Biotechnology companies consume investors' cash voraciously to develop new products. The industry has never been profitable overall — U.S. companies lost $6.4 billion in 2004, according to a report by Ernst & Young, a consultancy.
But the investment is slowly paying off: The industry has delivered a slew of new products in recent years, and its revenue is growing rapidly, hitting $46 billion in the United States in 2004, up 17 percent in one year. The industry could reach profitability as early as 2008, Ernst & Young predicted.
The world's biggest and most visible biotech companies, Amgen Inc. and Genentech Inc., both of California, are profitable. And they have turned in sterling performances this year, particularly on sales of drugs used in cancer treatment.
"The earnings tell you this isn't just an industry that's built on promise any more," said John T. McCamant, editor of the Medical Technology Stock Letter in Berkeley, Calif. "The companies are showing: We can deliver the numbers."
The Amgen and Genentech performances exceeded Wall Street's expectations and helped fuel a midsummer rally in the shares of smaller companies, analysts said.
"You have had some very good performance by the two marquee names in the sector," said Alexander A. Hittle, a stock analyst at A.G. Edwards & Sons Inc. of St. Louis. His company earns fees from biotech companies for investment-banking work. "When investors see the success of the bellwethers, they imagine that all their smaller hopes-and-dreams stocks will one day rise to similar greatness."
Also fueling investor interest have been recent buyouts of a handful of smaller biotech companies. Such acquisitions can put a premium in the pockets of investors regardless of whether a company has reached profitability, so they tend to spark hope of more buyouts.

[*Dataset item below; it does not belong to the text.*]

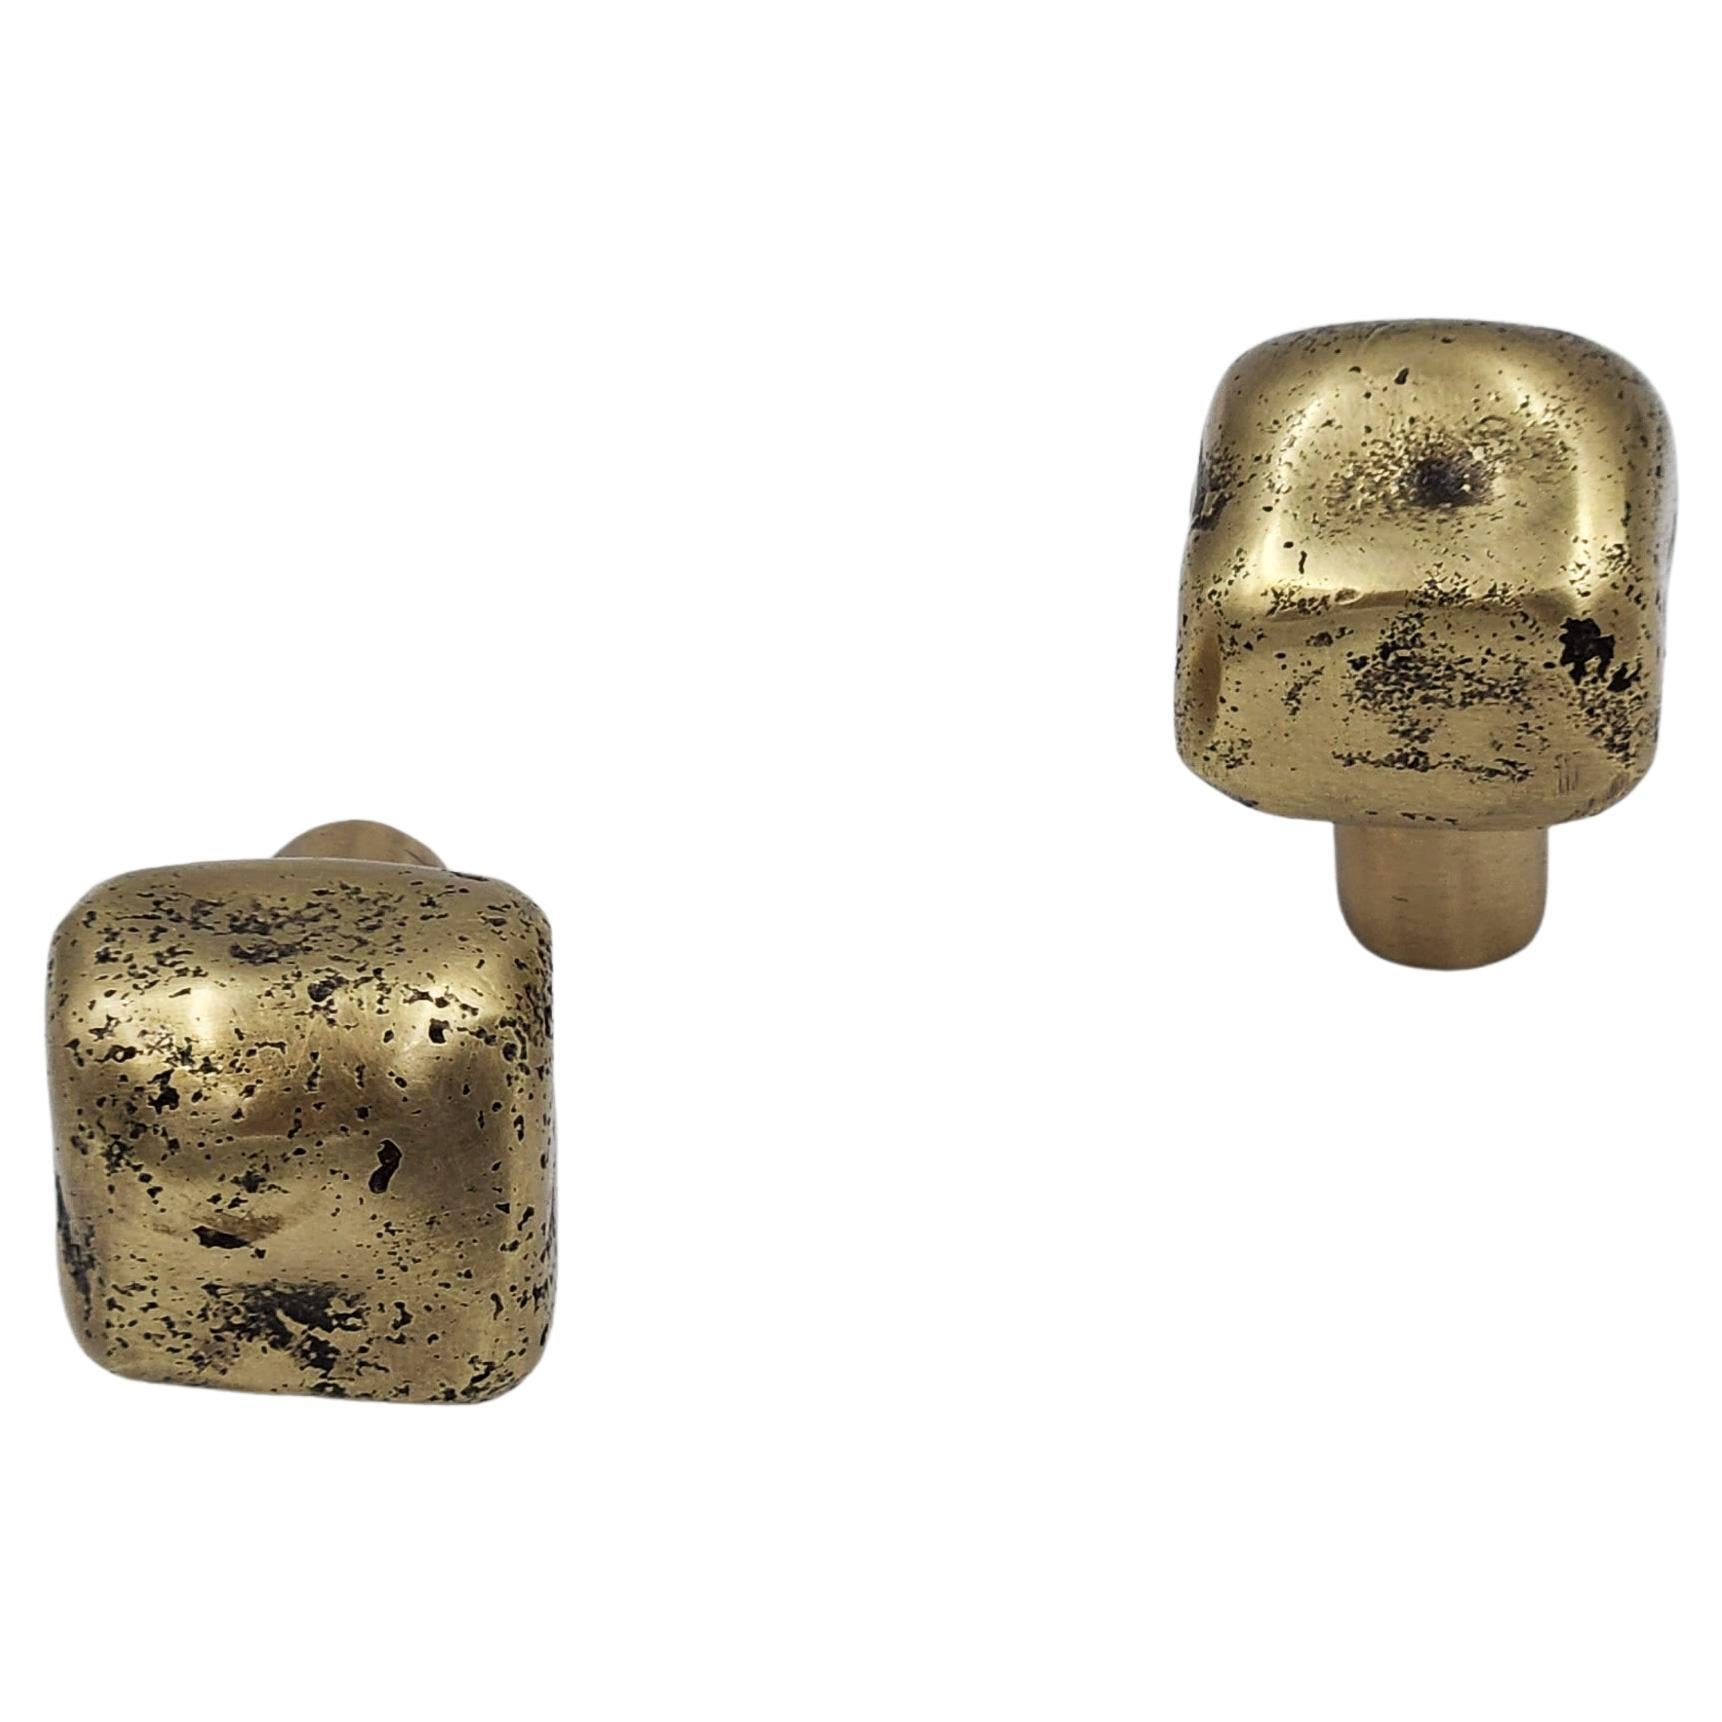 Solid Brass Door Knobs Mineral Inspiration 2.5 x 2.5 cm For Sale

Buoyed by those factors, the Amex Biotechnology Index, which tracks the performance of 17 larger biotech companies, jumped nearly 20 percent from early June to early August, hitting a four-year high on Aug. 3. The Nasdaq Biotechnology Index, which tracks the shares of 157 companies — mostly smaller, more speculative ones — rose 21 percent in the same period to hit a 15-month high on Aug. 3.
Share prices of biotech companies often diverge from the broader market, particularly on important news, good or bad, about drug approvals by the Food and Drug Administration. But sometimes, in the absence of news directly affecting the sector, the shares track the broad market, as both biotech indexes have been doing since hitting their highs early this month. The indexes have bounced around, mostly drifting downward, amid widespread investor worries about the price of energy, the risk of inflation and other economic fundamentals.
Overall, the Amex index is still up 11 percent for 2005, reflecting Wall Street's enthusiasm for bigger biotech companies with profit to report, but the Nasdaq index has given up all its midsummer gains and is down 2 percent for the year.
Much of the action these days is in cancer. Big pharmaceutical companies sell useful but highly toxic chemotherapy drugs that are the mainstay of cancer treatment. Biotech companies are gradually augmenting that approach with less toxic injections that use genetic strategies to target tumors.
Success with cancer treatment has fueled the earnings of Genentech in particular. Rituxan, a drug that it co-developed with Biogen Idec Inc. of Cambridge, Mass., has become one of the world's biggest cancer treatments, and a Genentech drug called Avastin that reduces blood flow to tumors is gaining rapidly.
Genentech, based in South San Francisco, Calif., was the first biotech company, founded in 1976. California is still the leading biotech state, with Massachusetts at No. 2. Maryland runs neck-and-neck with North Carolina for the No. 3 position.